Internal auditBut many internal audit functions need to upgrade their skills. More than half of CAEs—57%—were not satisfied their teams have the skills needed to be effective and to deliver on stakeholder expectations. Could this be limiting their impact and influence?  Quite likely.

The most frequently cited skill gaps occur in specialized information technology, such as cyber, cloud and mobile computing; and data analytics.

Our findings indicate that addressing gaps in data analytics should be a high priority for most Internal Audit groups. The function has unfettered enterprise-wide access to data as well as responsibility for improving operational, control, risk management, and governance processes. But internal audit needs analytics capabilities if it is to use that data to fulfill those responsibilities.

Those capabilities enable internal audit not only to provide insight and foresight regarding business operations, risks, and management initiatives, but also to conduct internal audits more efficiently. Increased efficiency can lead to more available resources for reviews of important areas such as culture, information technology, risk management and strategic planning.

But according to our survey, 55% of internal audit groups are using analytics at a basic level, 24% at an intermediate level, and only 7% at an advanced level. The internal audit community has been discussing the importance of using analytics for several years now and the fact that the majority are still operating at the basic level is concerning and suggests the need for a greater sense of urgency.

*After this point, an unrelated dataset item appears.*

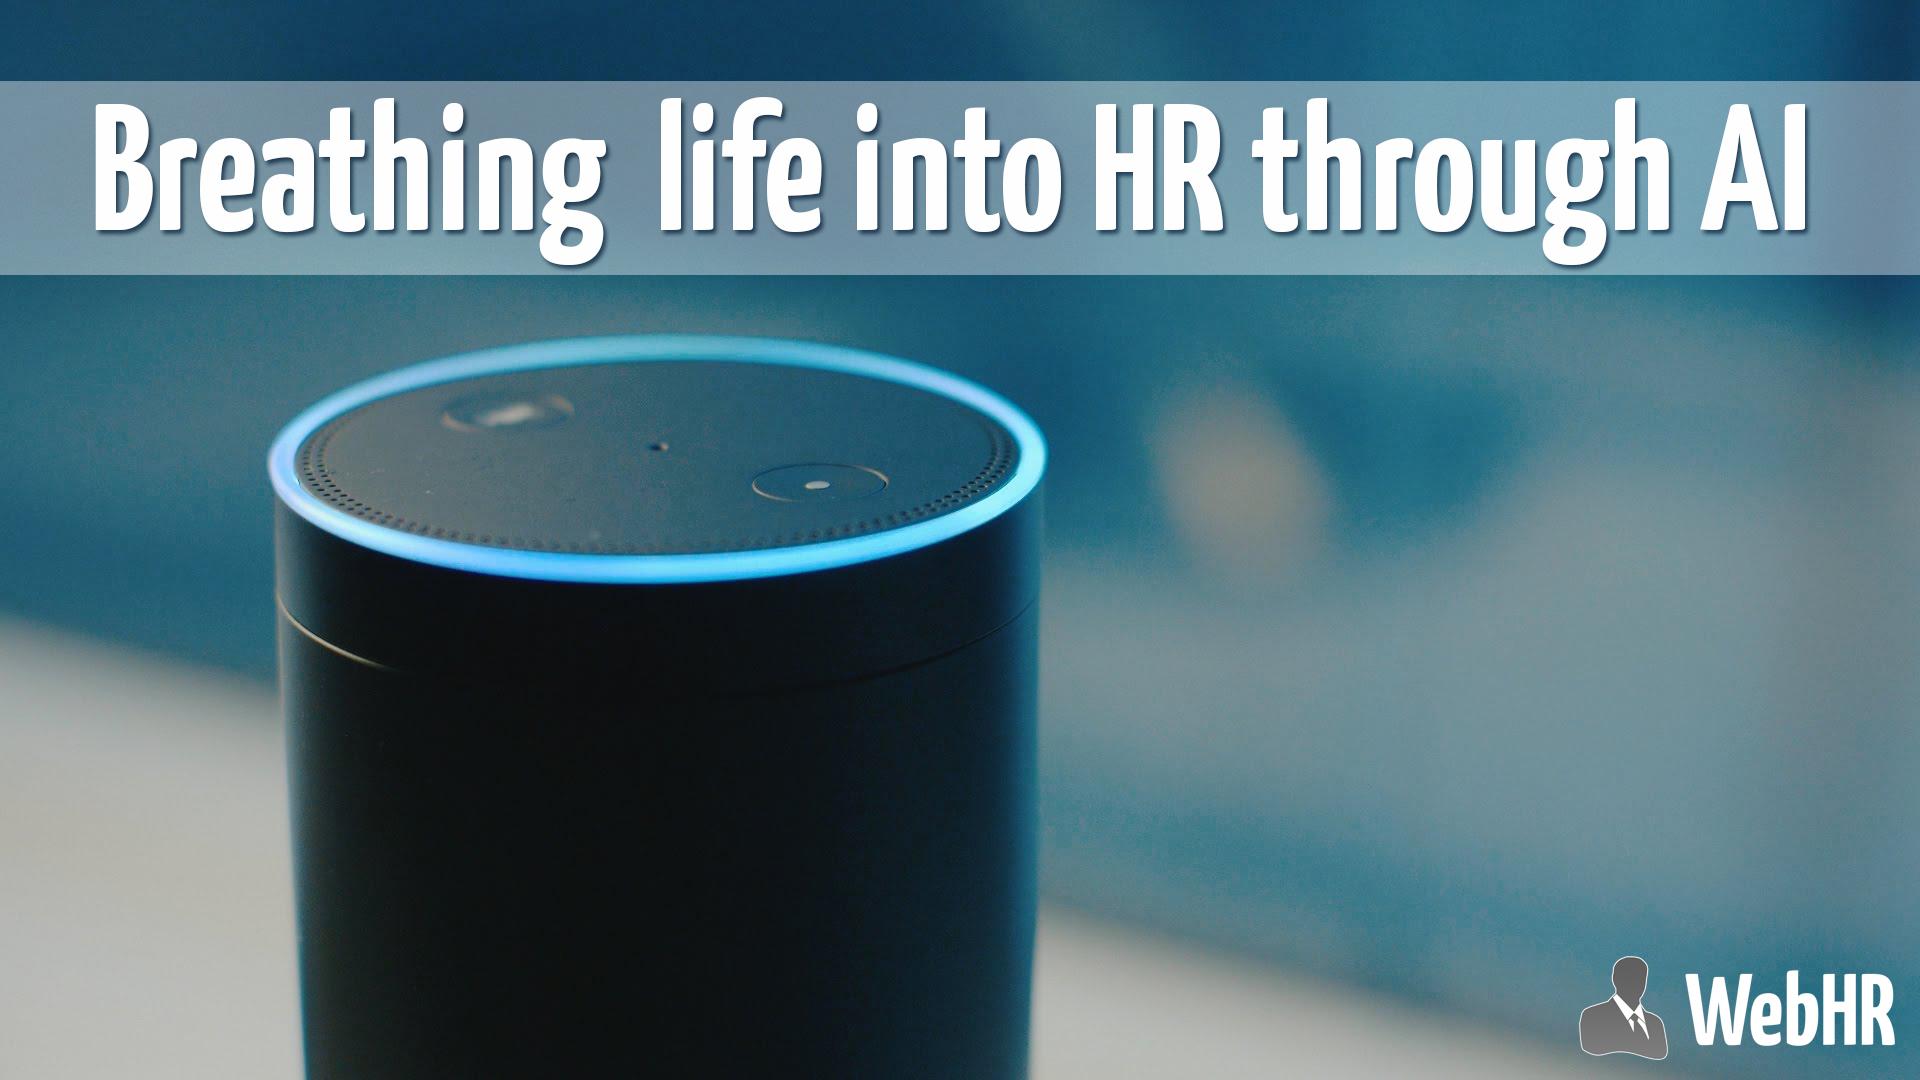 Breathing life into HR through AI

To get beyond basic sampling, data profiling, and data quality reviews, CAEs should consider the following steps:

  • Apply analytics to the entire internal audit life cycle—from annual planning and audit scoping, through fieldwork and within reporting
  • Use analytics for behavioral analysis and predictive modeling to produce insights and foresight for risk management and governance and more forward-looking reports
  • Move from static text documents and presentations towards more engaging, relevant, and dynamic reports incorporating interactive visualisation features

CAEs have sounded the alarm bells and illuminated a path forward. It is now incumbent on CAEs and their stakeholders to seize the opportunities for a much stronger and impactful internal audit moving forward.